* [PROBLEM REQUIREMENTS] All the lines below should be set down exactly, with no picture carried into the copy.

* [DATA EXTRACT]
#####
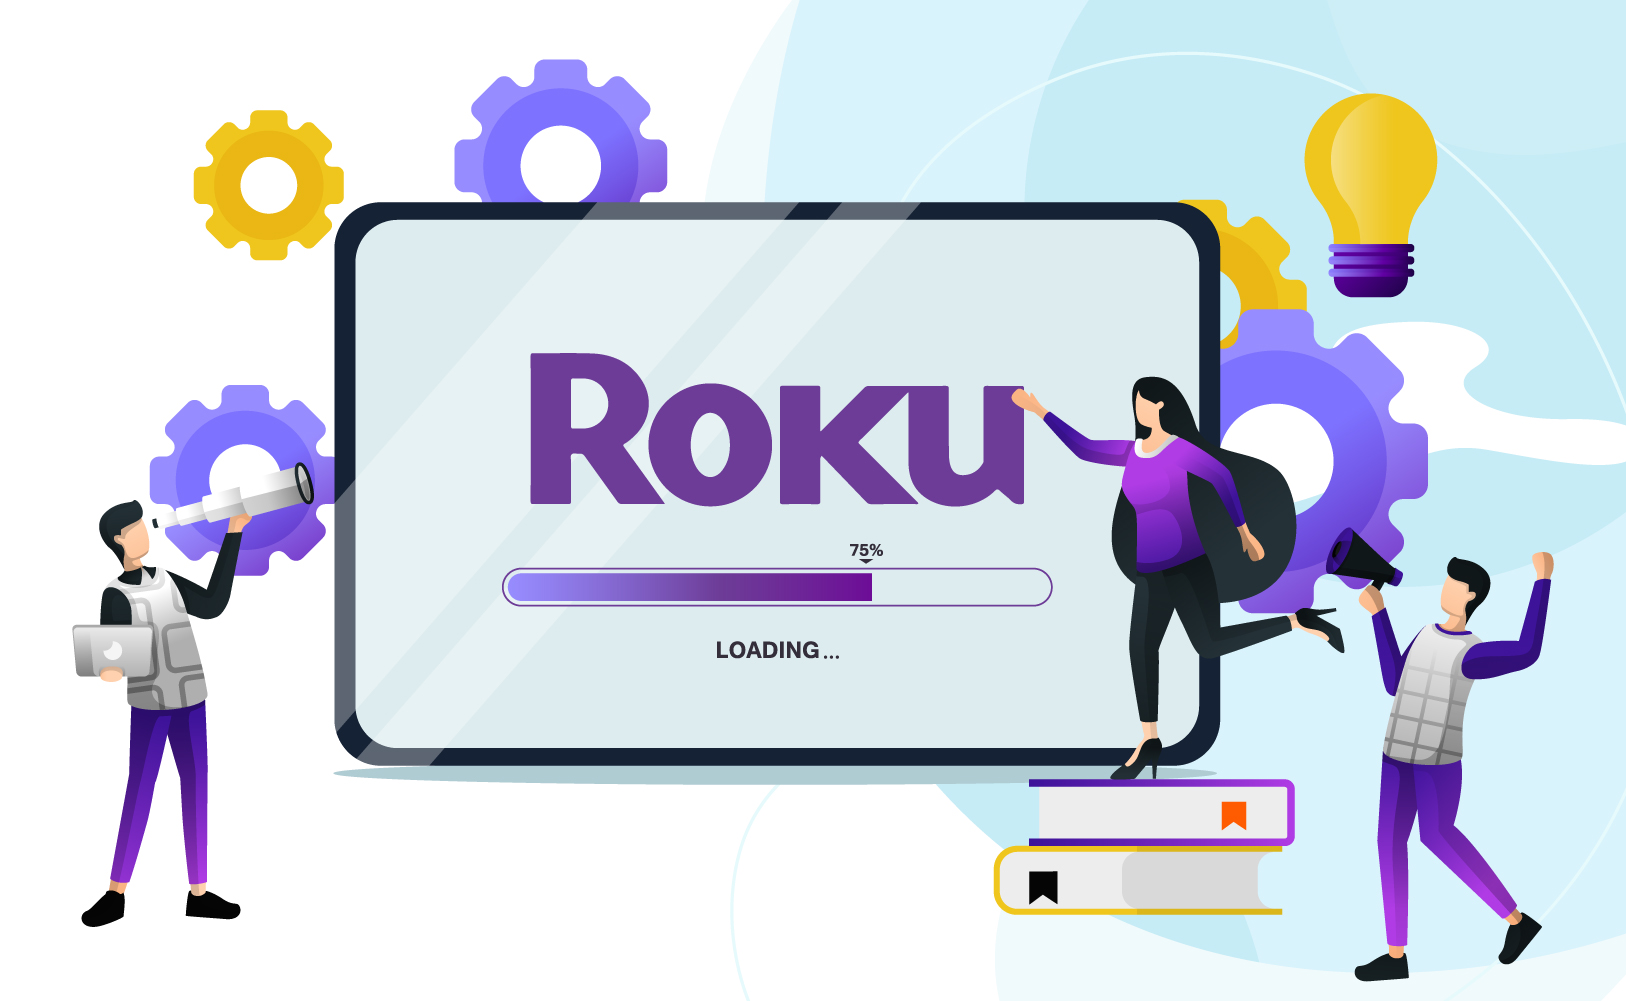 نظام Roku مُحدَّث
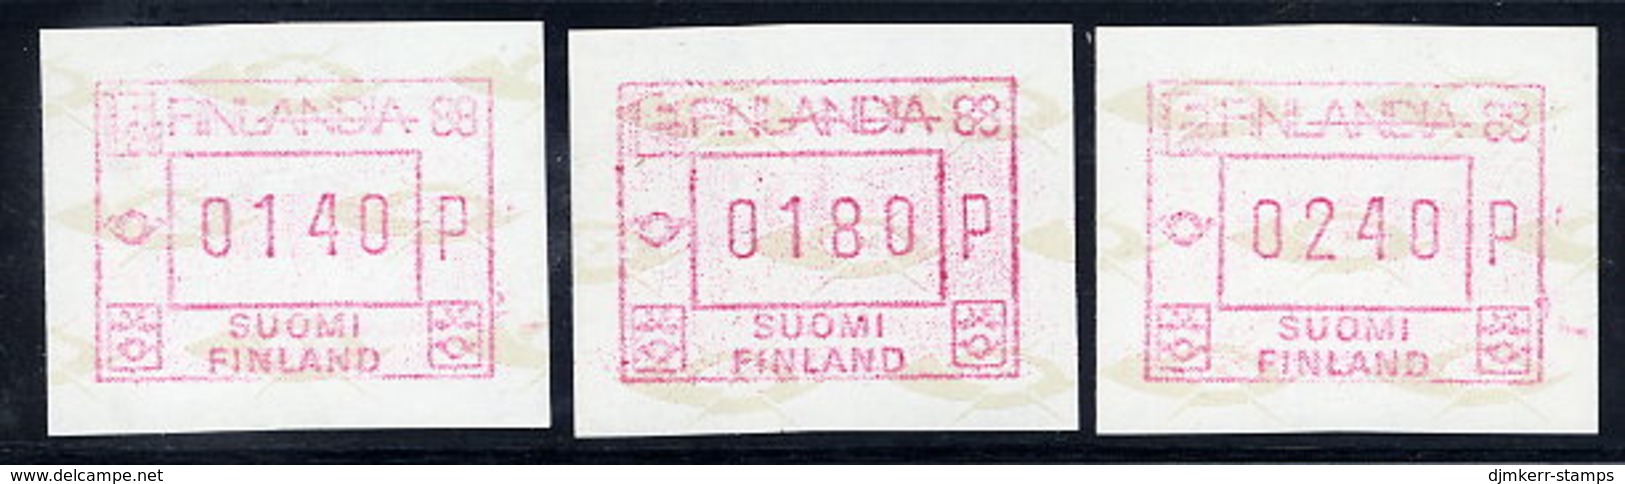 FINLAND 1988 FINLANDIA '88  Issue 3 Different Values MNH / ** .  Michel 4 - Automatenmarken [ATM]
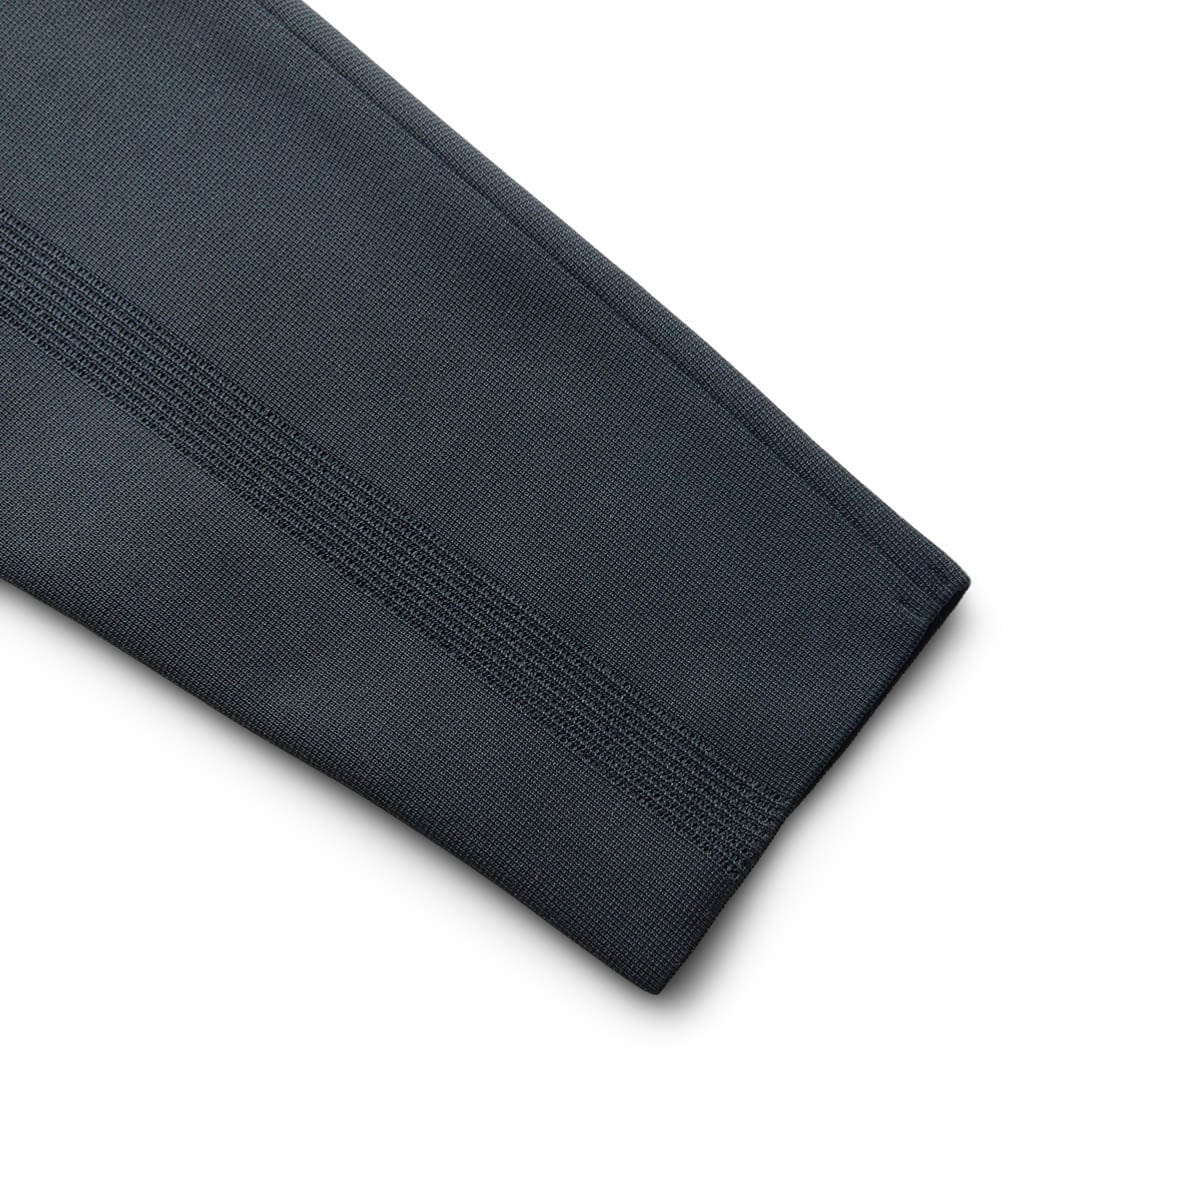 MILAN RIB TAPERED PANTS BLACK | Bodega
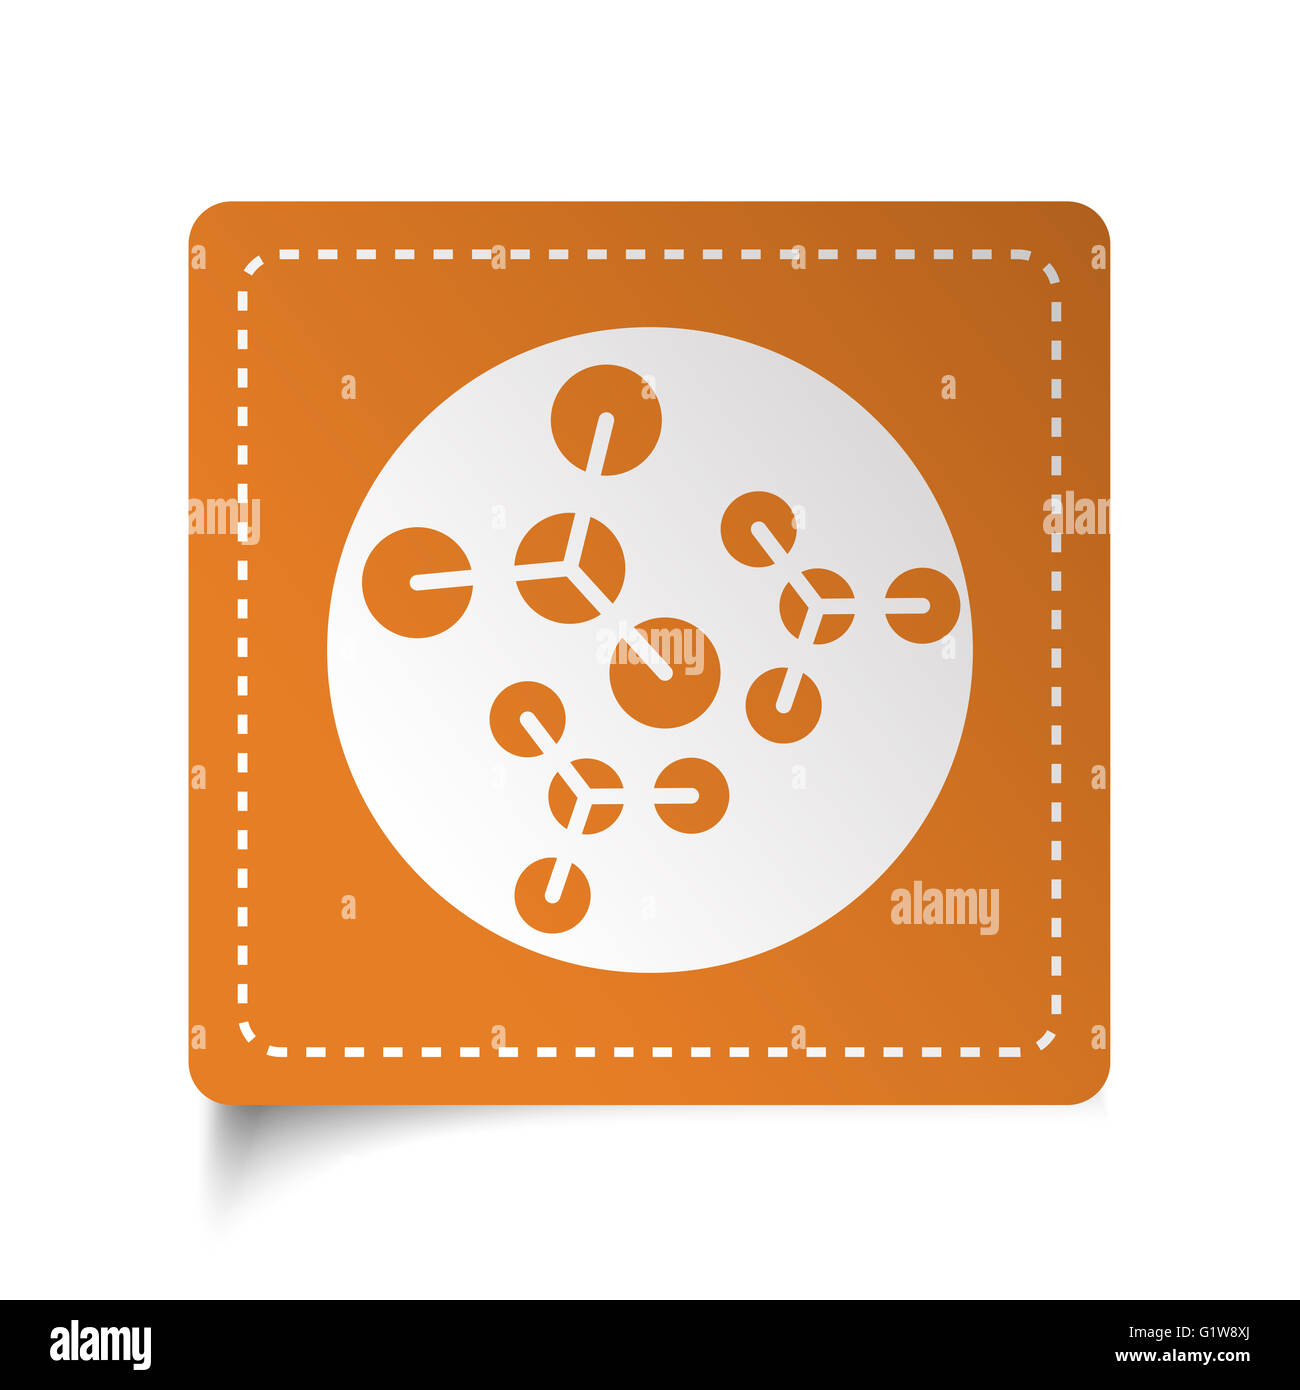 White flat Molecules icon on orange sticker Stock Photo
#####
* [OUTPUT OF THE EXERCISE]
 نظام Roku مُحدَّث
 FINLAND 1988 FINLANDIA '88  Issue 3 Different Values MNH / ** .  Michel 4 - Automatenmarken [ATM]
 MILAN RIB TAPERED PANTS BLACK | Bodega
 White flat Molecules icon on orange sticker Stock Photo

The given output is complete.